The math optional, made finite. Daily Practice

The maths optional is no longer a mystery

We mapped thirteen years of maths-optional papers, then held one back and classified it blind. What came back surprised even us — and it's why we're opening a small pilot.

A dark field scattered with small charted nodes joined by faint lines — the map built from thirteen years of maths-optional papers. A single fresh sheet of paper drops onto it, its points lighting up on nodes that already exist; one lone node sits off on its own, ringed and uncharted. The unseen paper, almost entirely on ground already mapped.

We did something with the maths optional that we’d been afraid to do, because we weren’t sure we’d like the answer.

For two years the story everyone tells about this paper has been the same: it’s a black box.
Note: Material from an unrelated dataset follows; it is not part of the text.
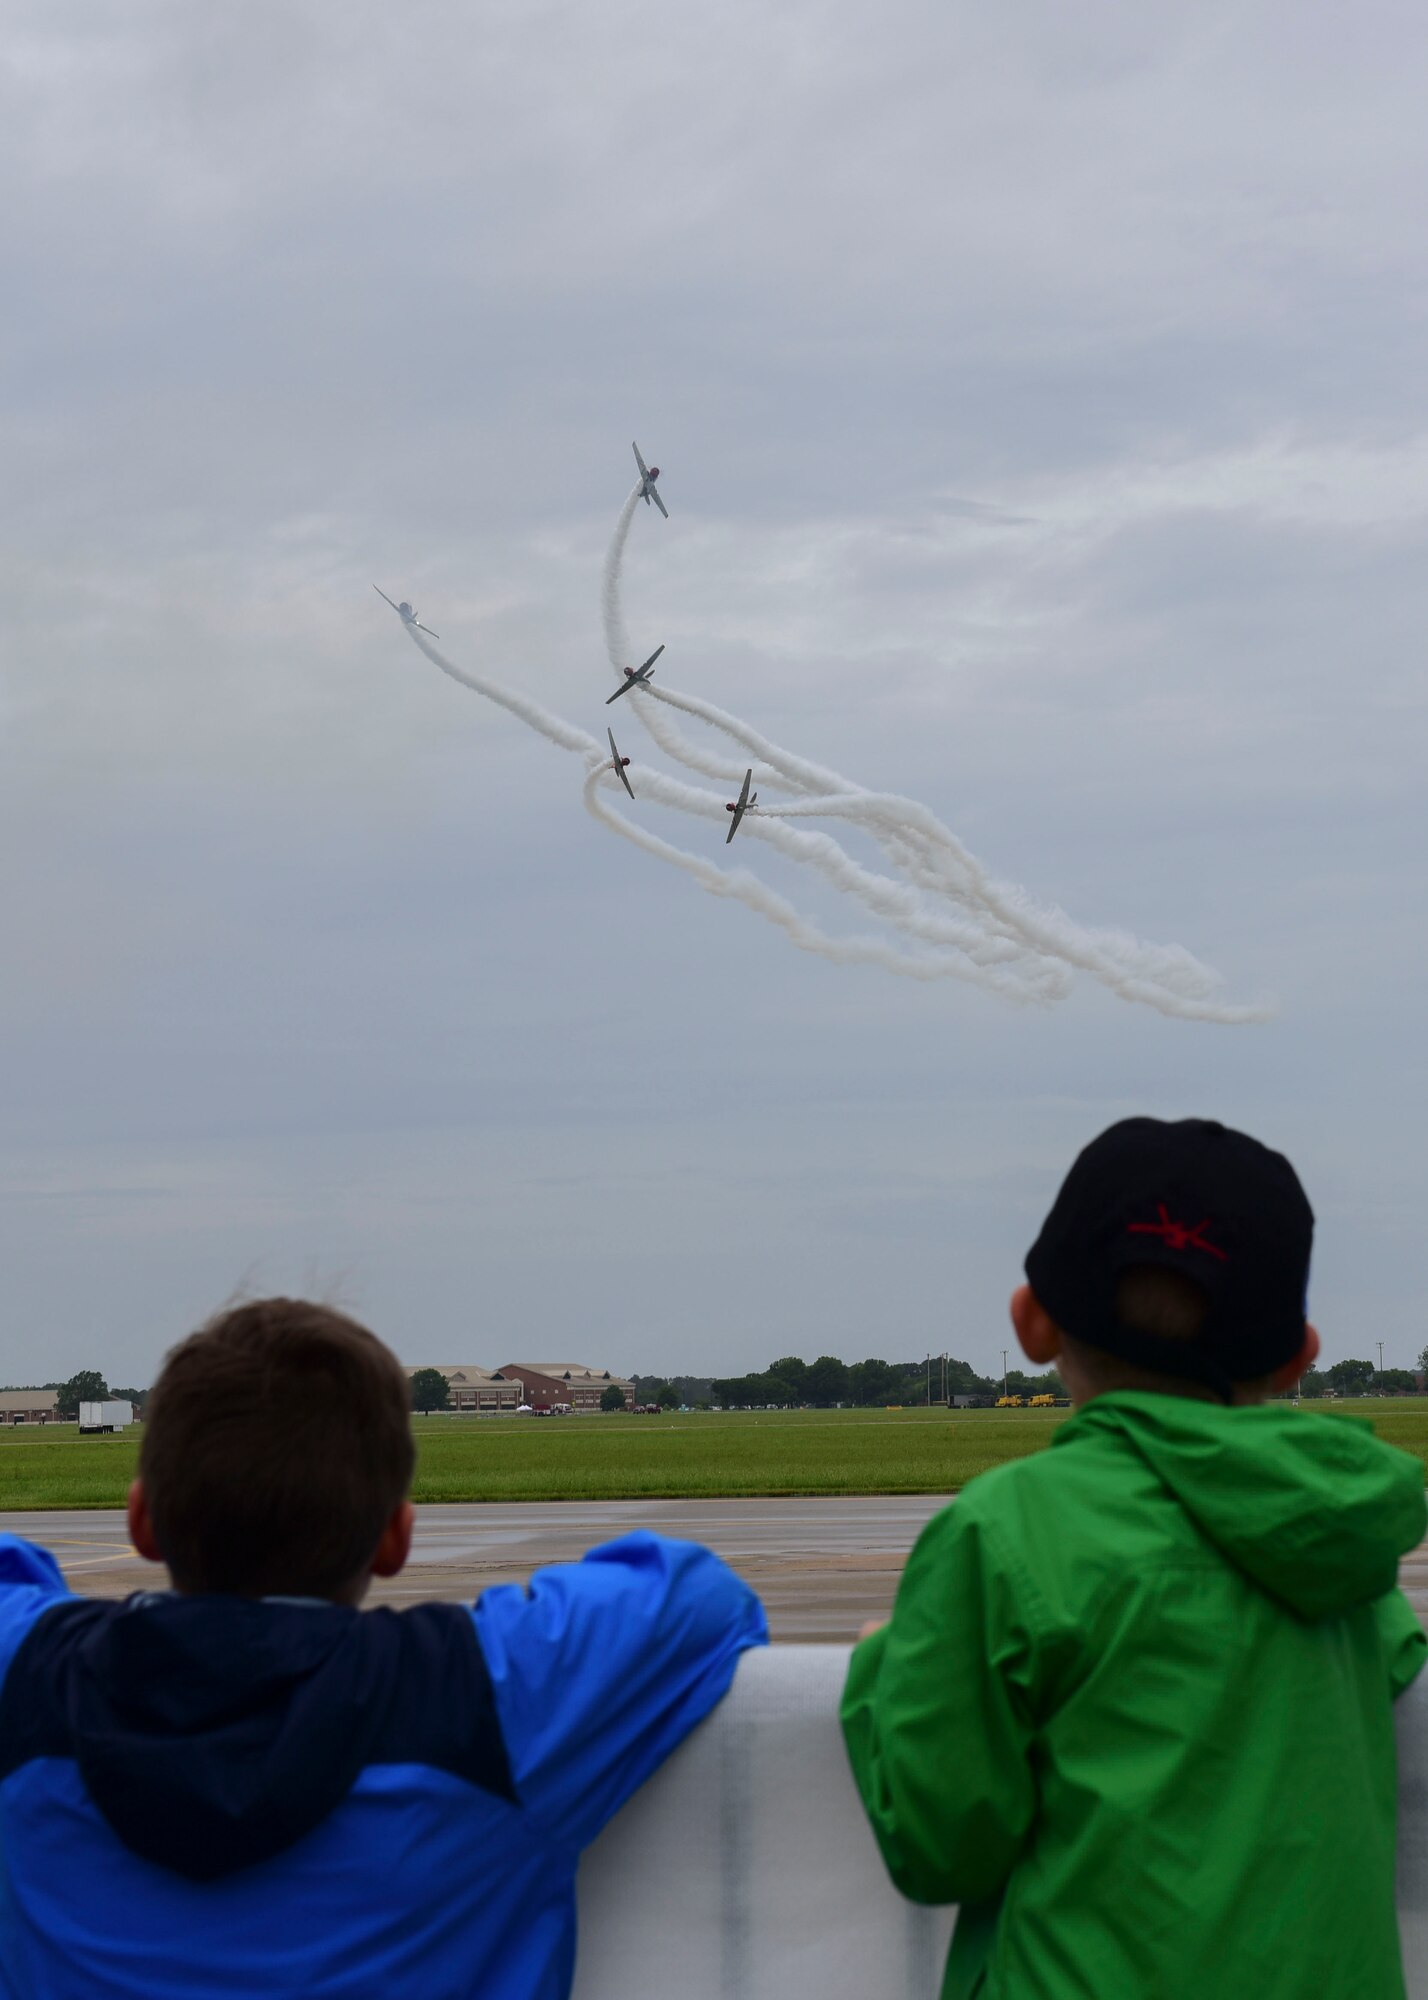 Children watch the Geico Skytypers perform during the AirPower Over Hampton Roads JBLE Air and Space Expo at Joint Base Langley-Eustis, Virginia, May 19, 2018. The Geico Skytypers team consists of six vintage U.S. Navy SNJ trainers that display tactical maneuvers used during World War II and the Korean War. (U.S. Air Force photo by Airman 1st Class Monica Roybal)

Unpredictable. A gamble. The optional that can hand you a rank and can just as easily sink you, and there’s no telling which until results day. You take it on faith and a prayer.

We stopped taking it on faith. We ran an experiment instead. And the result is the reason this page exists.

The experiment we almost didn’t run

Start with what we’d already done. We solved every maths-optional paper from 2013 to 2025 — all twenty-six papers, all 804 sub-parts, Paper 1 and Paper 2, worked in full and posted free at /papers/, no wall. While we were in there, line by line, we noticed something we couldn’t unsee: the paper repeats. Not the exact questions — the underlying types. The same families of problem, dressed in new clothes, year after year.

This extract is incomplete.